As regulator strongholds on ICOs get tighter worldwide, completely unregulated ICOs like the wave in 2017 are not likely to continue for much longer. As governments around throughout the world understand the technology and pass their judgments, STOs are likely to become a much more popular mode of fundraising than it currently is.
What is the World’s current outlook on STOs?
As STOs are a whole different ball game when it comes to fundraising, many countries around the world have different outlooks on them. And as STOs are regulated offerings, their characteristics might differ based on what the regulations are in the country of issuance. Let’s take a look at how some major economies of the world currently look at STOs.
The US – STOs are allowed but are heavily regulated. The US did not create any new regulations for STOs, and they’re subject to the existing regulations surrounding securities. These regulations are some of the strictest in the world.
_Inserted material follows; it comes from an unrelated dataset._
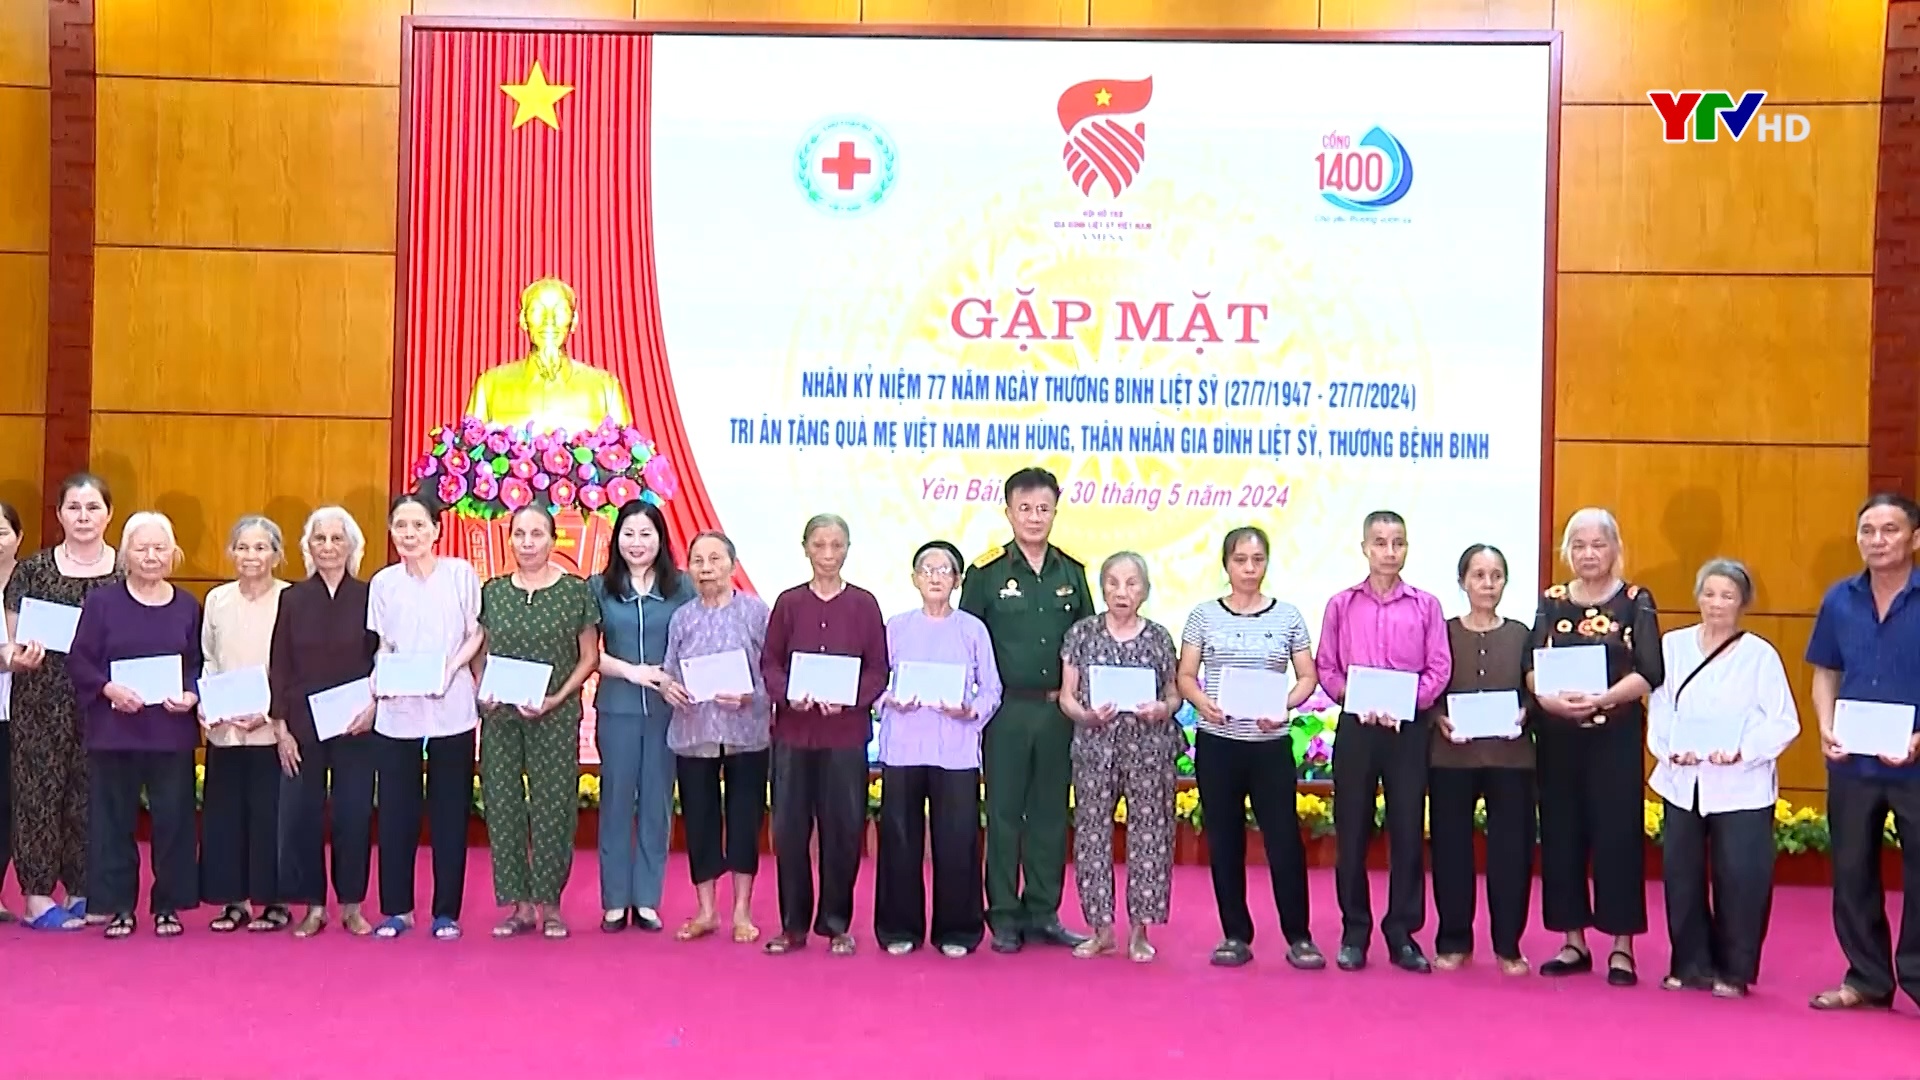 Yên Bái gặp mặt tri ân tặng quà Mẹ Việt Nam anh hùng, các gia đình thân nhân liệt sĩ, thương bệnh binh

European Union – STOs are allowed. In the EU, the legislative framework that entered into force in 2018 covers securities and security tokens. STOs fall under the category of transferable securities, and need to submit a prospectus in the country where the STO happens. This prospectus needs to be approved by the country, with some exceptions like Luxembourg, where no approval is required if the offering is under 1.5 million euros.
China – Like ICOs, STOs are completely banned in China. According to the deputy governor of the People’s Bank of China, STOs constitute illegal financial activity. The head of the Beijing Financial Supervision Authority also called security tokens illegal. Fundraising activities can only be undertaken with the express approval of the government.
India – There are no regulations for digital security tokens or STOs in India yet. It is unclear what the government is going to do yet, but the crypto community would be hoping for positive regulations.
Some small countries, which have less friction in their financial regulations because of a smaller amount of investors to protect, have been much more forward in their regulations. Countries like Switzerland, Malta, Luxembourg, Lithuania, etc, have some of the most forward-thinking regulations when it comes to security token offerings, and have become launchpads for STOs from all over the world.
Challenges in STO adoption
STOs have the potential to revolutionise the securities market, but it won’t be all roses. STOs are still at a very early stage, and if adoption really is to reach the projections, the market needs to overcome several major challenges.
The biggest one is a lack of uniform definition and classification. Every country has their own way of classifying what constitutes a security, which causes several legal challenges for the issuers if they want to open up the investor pool worldwide. Some countries also have a paper-based regulatory process, like the need for stamp duties in countries like Hong Kong and India, which would further affect the uniformity.
A major feature of STOs is that they remove middlemen like banks, lawyers, and brokerages, but the flipside of that feature is that all those functions now need to be performed by the issuing company itself, which increases the administrative burden to a significant extent. The issuance process would have to be set up for custodianship, tracking ownership, exchange approvals, Know Your Customer (KYC), anti-money laundering (AML), etc. to make sure they comply with the relevant securities laws.
The realization of the true potential for STOs would only come when governments around the world would create clear and thoughtful regulations, which, if past experience is anything to go by, can take a while to come. However, there’s no reason why the democratizing properties for various asset classes should be ignored when we have the technology to make it happen, so we can only hope that the governments feel the same way.